■ Dataset section
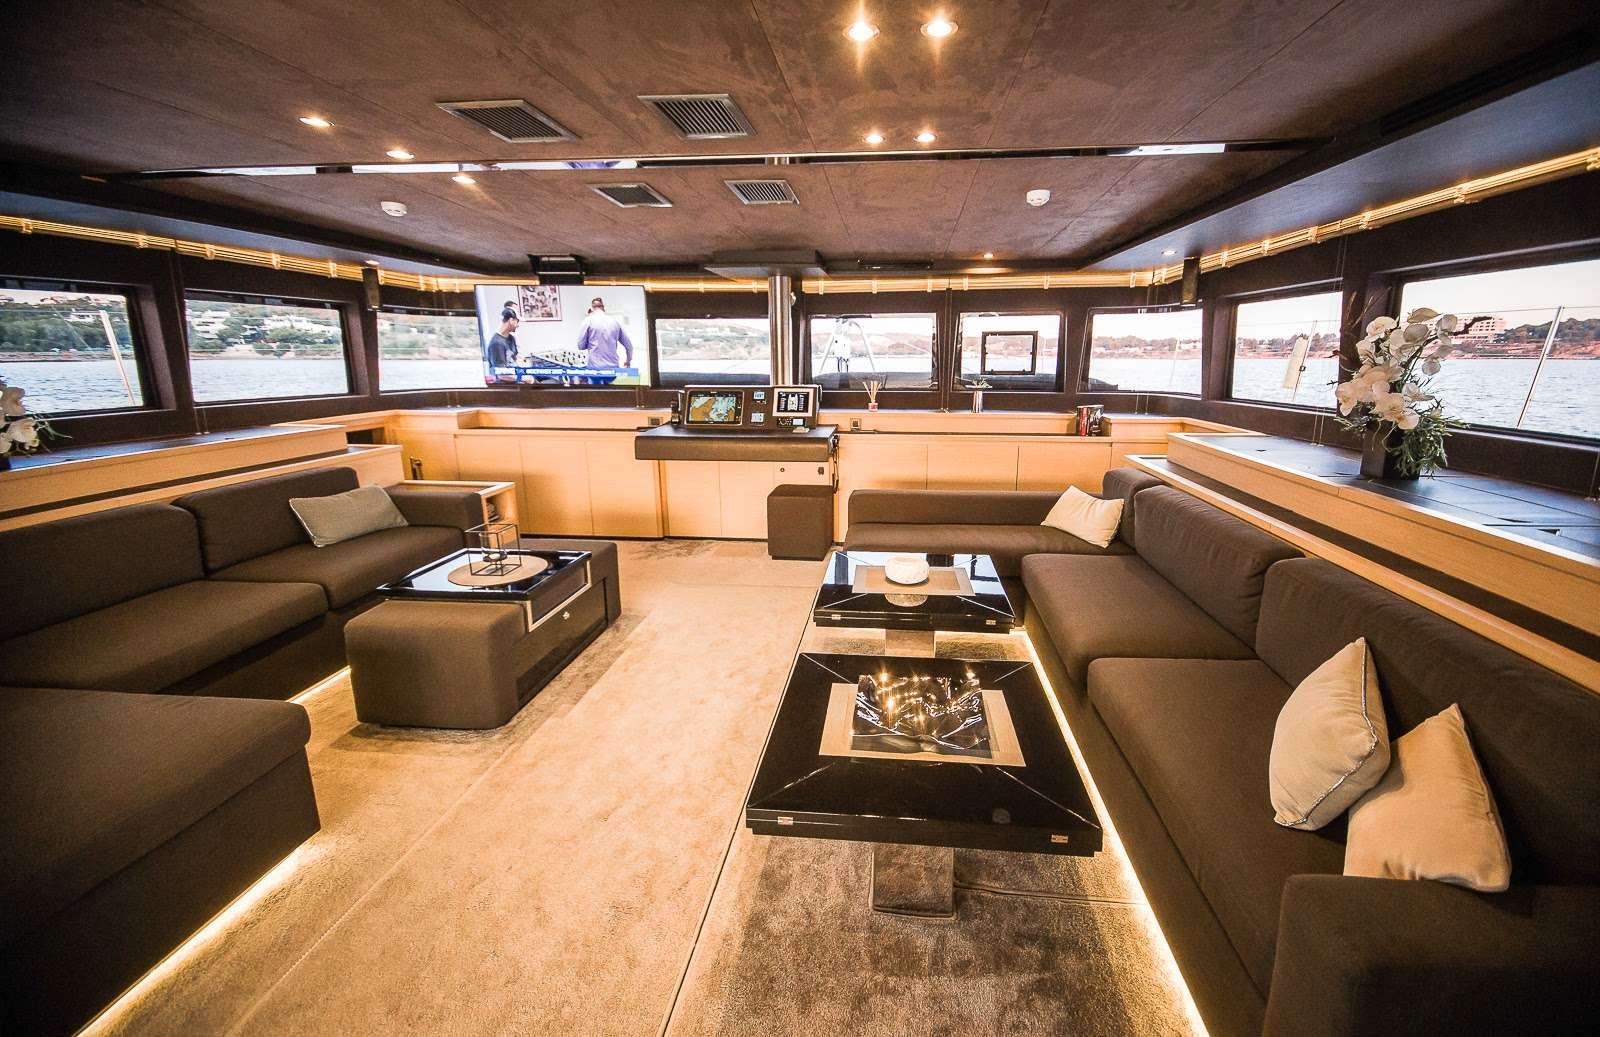 Cat Yacht 'Cat', 8 PAX, 3 Crew, 62.00 Ft, 18.00 Meters, Built 2016, Lagoon, Refit Year
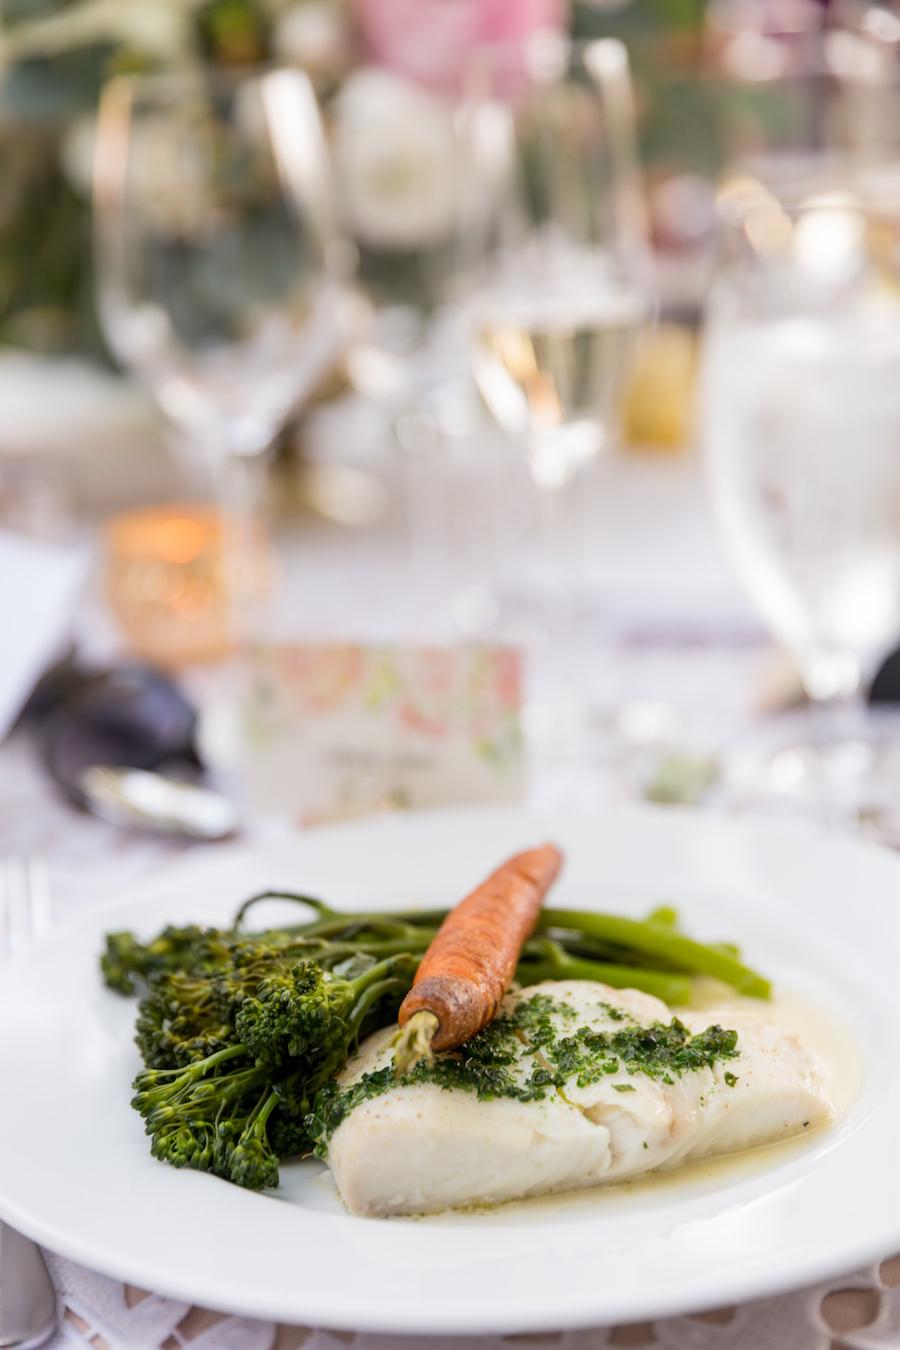 Chic and Organic Outdoor Wedding at Harvest Inn127.jpg
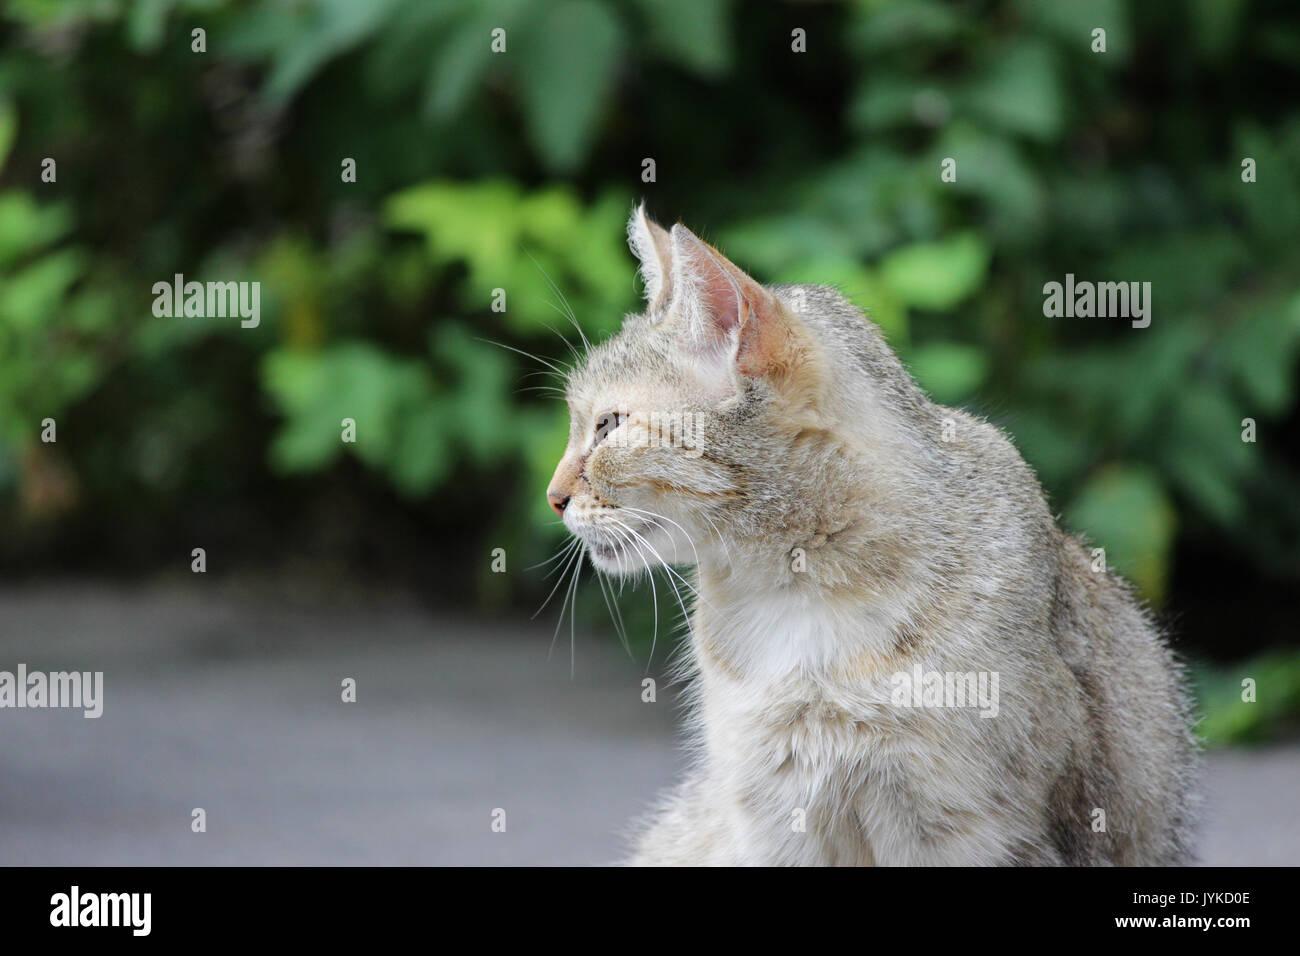 Feline Herpes Virus Natural Treatment

■ Exercise details
Skipping any images, write out all the data exactly.

■ Result for this exercise
 Cat Yacht 'Cat', 8 PAX, 3 Crew, 62.00 Ft, 18.00 Meters, Built 2016, Lagoon, Refit Year
 Chic and Organic Outdoor Wedding at Harvest Inn127.jpg
 Feline Herpes Virus Natural Treatment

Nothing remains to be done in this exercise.